Underrepresentation of African American women as research participants contributes to health disparities. Contemporary studies have focused on clinical trial (CT) participation; epidemiologic and ...genetic studies utilizing medical records and/or biological samples have received less attention. In partnership with The Links, Incorporated (The Links), a national service organization of professional African American women, this study sought to examine attitudes regarding chart review (CR) studies, genetic studies/biobanking (GEN), and CTs; develop; and evaluate an online education-to-action program.
In phase 1, focus groups were convened with members of The Links to inform the content and format of the program. Phases 2 and 3 involved designing and evaluating the program, respectively.

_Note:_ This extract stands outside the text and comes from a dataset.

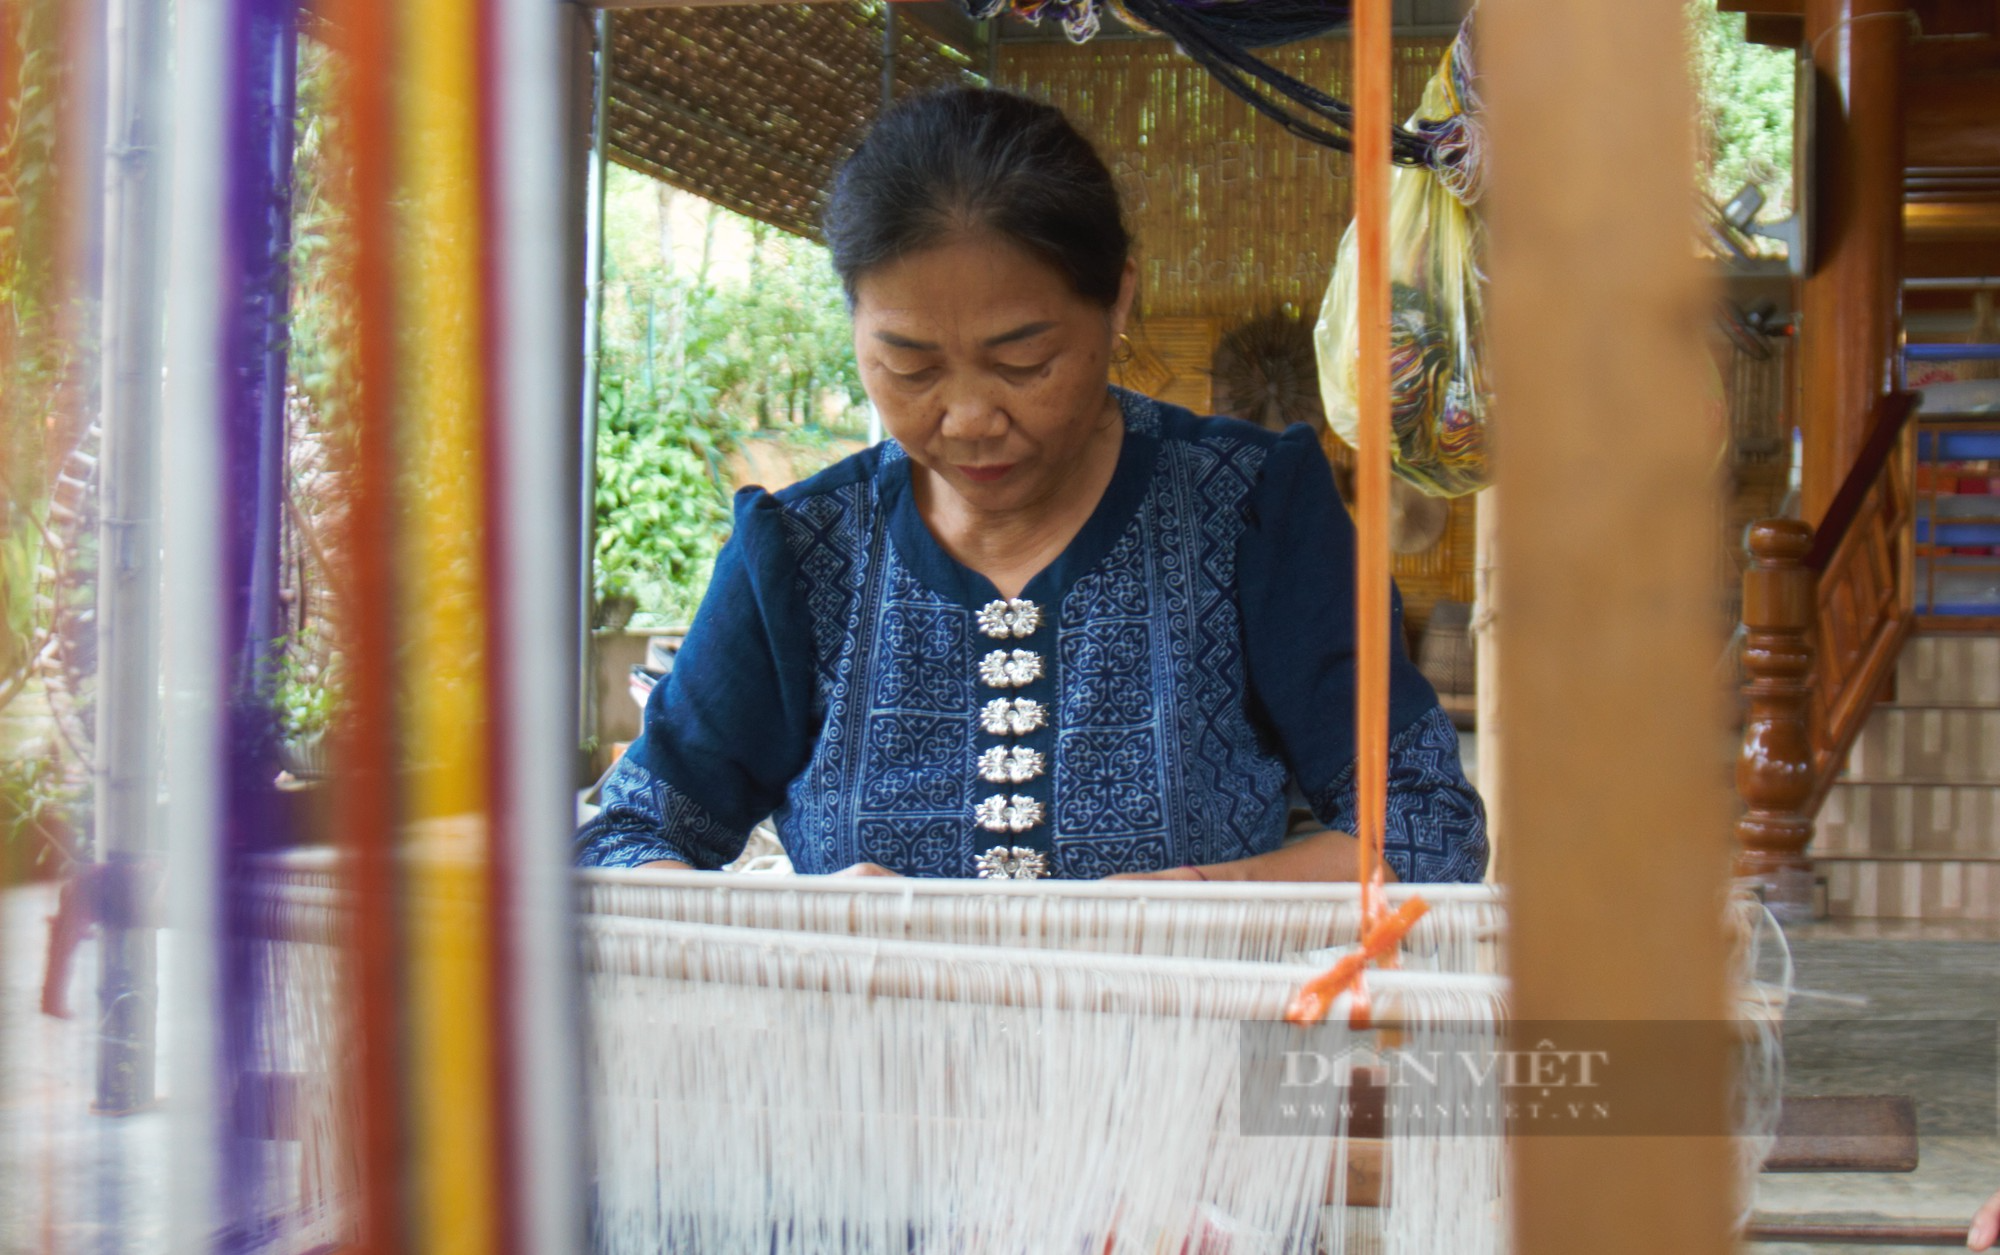 Bản người Thái làm Homestay, khôi phục nghề dệt truyền thống hút khách về thăm, thu tiền tỷ - Ảnh 6.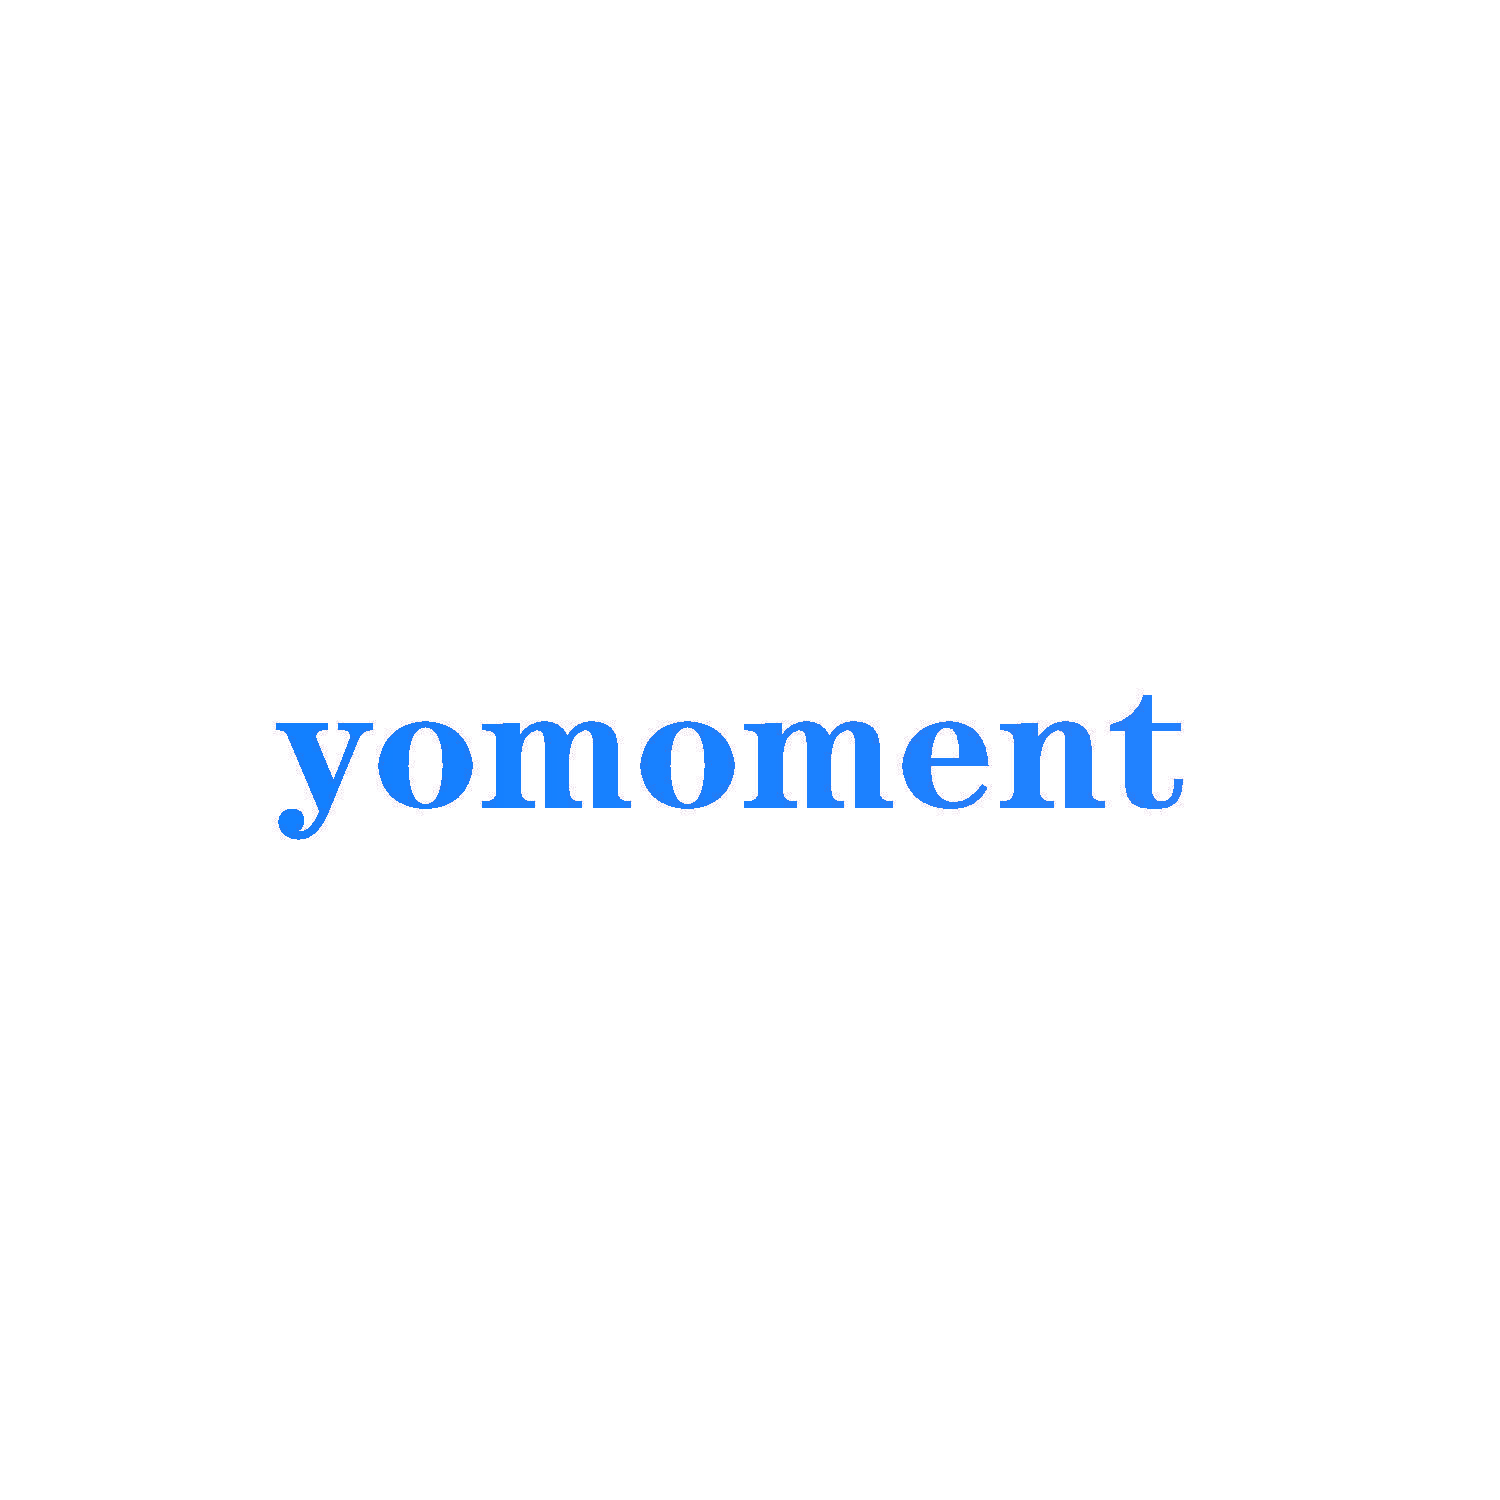 yomoment

Thirty-four women across three focus groups shared attitudes and perceptions regarding research and provided guidance for program development. Subsequently, 244 women completed the program (77% response rate), including pre- and post-assessments. Participants indicating that they "definitely" or "probably" (responses combined) intend to participate in research increased from 36.5% to 69.3% (pre/post-program). Agreement with the statement "research in the U.S. is ethical" increased (52.9% to 74.4%) as did factual knowledge regarding each of the study types. There was a decrease in reporting "little or no understanding" of study types (Pre/Post: GEN: 66%/24.9%, CR: 62.9%/18.4%, CTs: 40.7%/15.5%). Pre-program, few were "very positive" about the study types (14.3% GEN, 15.0% CR, 28.6% CTs); post-program ratings increased and equalized (42.8% GEN, 43.0% CR, 42.5% CTs).
An online education-to-action program targeting professional African American women improved knowledge, perceptions of ethics, and intent to participate in biomedical research.